Extracellular vesicles carry distinct proteo-transcriptomic signatures that are different from their cancer cell of origin

For quantification of gene expression, raw reads were aligned to the latest Ensembl GRCh38.p13 (GCA_000001405.28) using bowtie aligner (version 2.5.4b). FeatureCounts was then used to map the aligned reads to the GENCODE v26 primary gene annotation, including transcripts corresponding to ncRNAs such as lncRNA, miRNA as well as protein-coding RNA. To maximize recovery and minimize the noise, multimapping reads were quantified up to m = 10 and distributed using unique reads mapping distribution, as described in most recent best practices protocols.

Formal analysis

Data cleaning, filtering, and analysis were performed in R and under expressed genes or proteins with low or no counts across all samples of the similar phenotype were removed (at least one of the samples have CPM >10). Normalization via trimmed mean of M-values in edgeR ensures library sizes of all samples are scaled properly to minimize the influences of external factors. The limma package, originally designed for microarray data, performs linear modeling on normally distributed data. Thus, to accommodate for the non independent mean-variance relationship of RNA-seq data, the voom function assigns a precision weight derived from the library size and normalization factor of each sample itself to convert the raw counts to log2-CPM values. The log2-transformed counts minimize the changes in variance as the count size increases. Prior to examining differential expressions, we performed unsupervised clustering of samples to evaluate the similarities and dissimilarities between samples as well as across phenotypes of interest using the prcomp package in R. The result is reflected in the PCA plots.

Differentially expressed genes are discerned between 1) 22RV1 cell lines versus 22RV1 cell-line-derived EVs, and 2) Prostate cancer patient serum-derived EVs isolated using nanoDLD versus the EVs isolated using UC via the standard differential expression pipeline as illustrated in limma/edgeR packages. Results of the differentially expressed genes are represented in high-resolution heatmap as well as volcano plots made using pheatmap and ggplot2 packages. Likewise, differentially expressed proteins are discerned between 1) 22RV1 cell-line, 2) the EVs derived from the corresponding cell lines, and 3) patient serum EVs derived from UC versus those derived from nanoDLD.

Correlation analyses: Spearman Rho correlations were determined across cellular and EV genetic profiles as well as the proteomic profiles. Gene expressions were plotted in the x/y axis, where x/y axis are log2 (CPM), all RNA types were analyzed.

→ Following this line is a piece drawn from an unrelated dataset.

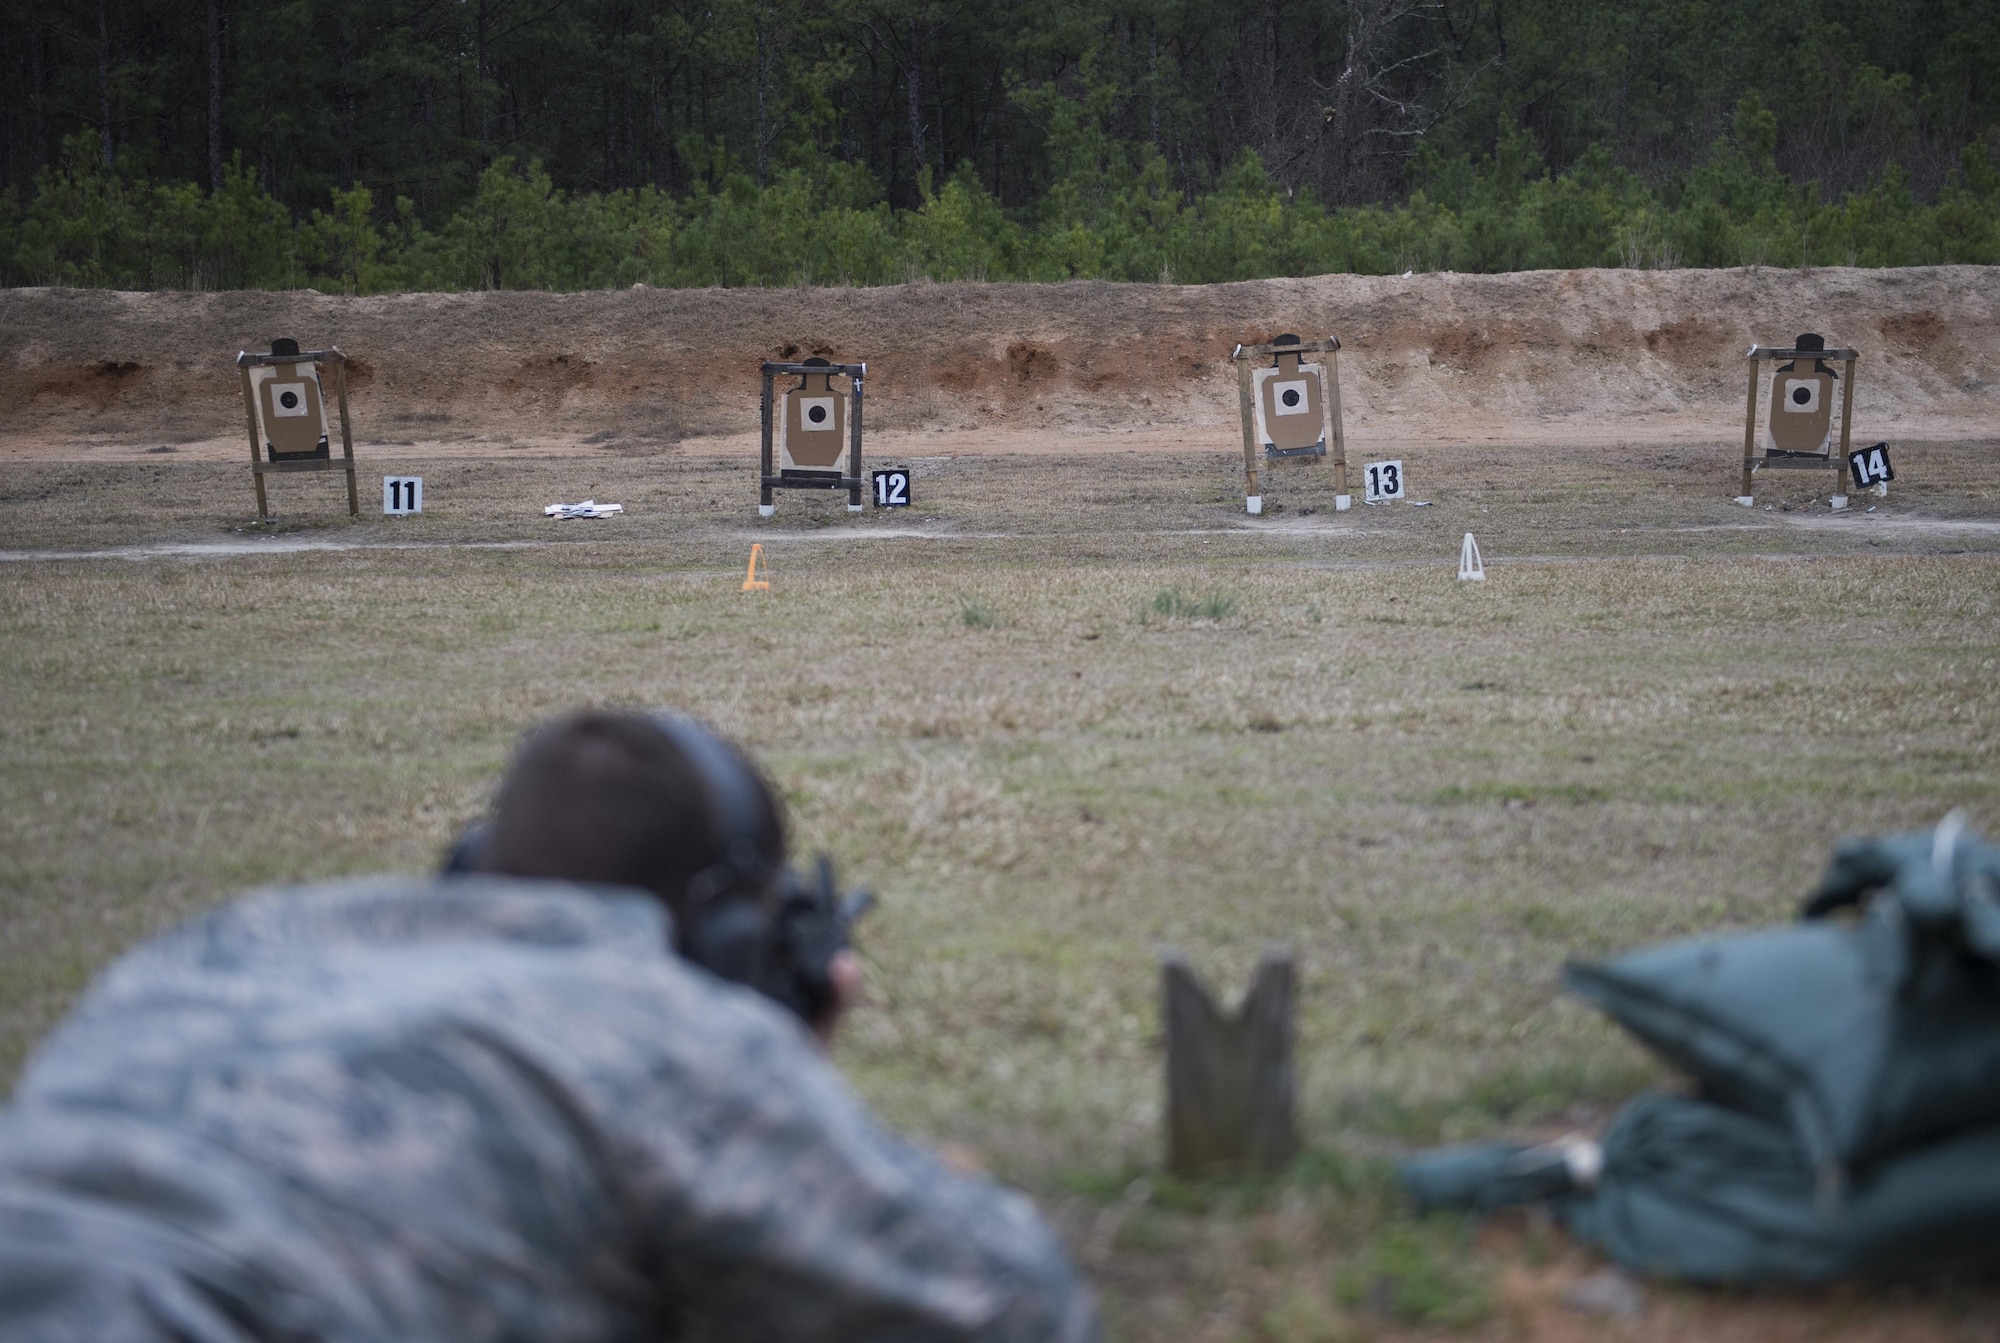 A combat camera Airman fires at a paper target March 3, 2016, during exercise Scorpion Lens 2016, at McCrady Training Center on Fort Jackson, S.C. The exercise is an annual training requirement incorporating combat camera job qualification standards and advanced weapons and tactical training with Army instructors. (U.S. Air Force photo/Staff Sgt. Jared Trimarchi)

Biotype analysis: The gene biotype was recovered from the GTF annotation file for Ensembl GRCh38 (same as for alignment). Mapping resolution was kept as CDS with intron and exon annotation levels and combined to gene level when necessary. After differential expression quantification of gene biotype proportions, numbers and expression levels was taking into account. Thus, expressing gene biotype as (1) number of molecules per biotype (after lib. size adjustment) and (2) levels of expression using RPKM to adjust for gene/transcript length sizes.

Pathway Analysis: To effectively compare, not only enriched genes, but also against enriched proteins, pathway enrichment analyses are performed using the enrichR package in R. Specifically, we referenced databases including Kyoto Encyclopedia of Genes and Genomes (Versions: 2013, 2015, 2016, 2019, 2021), Gene Ontology Molecular Function (Versions: 2013, 2015, 2017, 2017b, 2018, 2021), Gene Ontology Cellular Component (Versions: 2013, 2015, 2017, 2017b, 2018, 2021), Gene Ontology Biological Process (Versions: 2013, 2015, 2017, 2017b, 2018, 2021), Reactome (Version: 2016), and WikiPathways (Version: 2019). Top 1500 enriched genetics and all of the proteomic signatures were used for the pathway analysis. Top 10 genomic and proteomic pathways from each database with FDR below 0.05 and at least three enriched genes present were selected. The overlaps across different cellular and EV datasets are outlined in the barplot made using the ggplot2 package in R. Similarly, we also performed the gene set enrichment analysis using our RNAseq result for hallmark cancer pathways. GSVA scores are generated per sample using the GSVA program in R. Wilcoxon test is then performed to identify significant GSVA scores across both cell and EV samples with a cutoff of 0.05 FDR. Of which, pathways with GSVA score differences greater than 0.1 across the cell and EV samples are then represented in a heatmap. Finally, upon the acceptance of manuscript our data and results will be uploaded to GEO and will be openly available.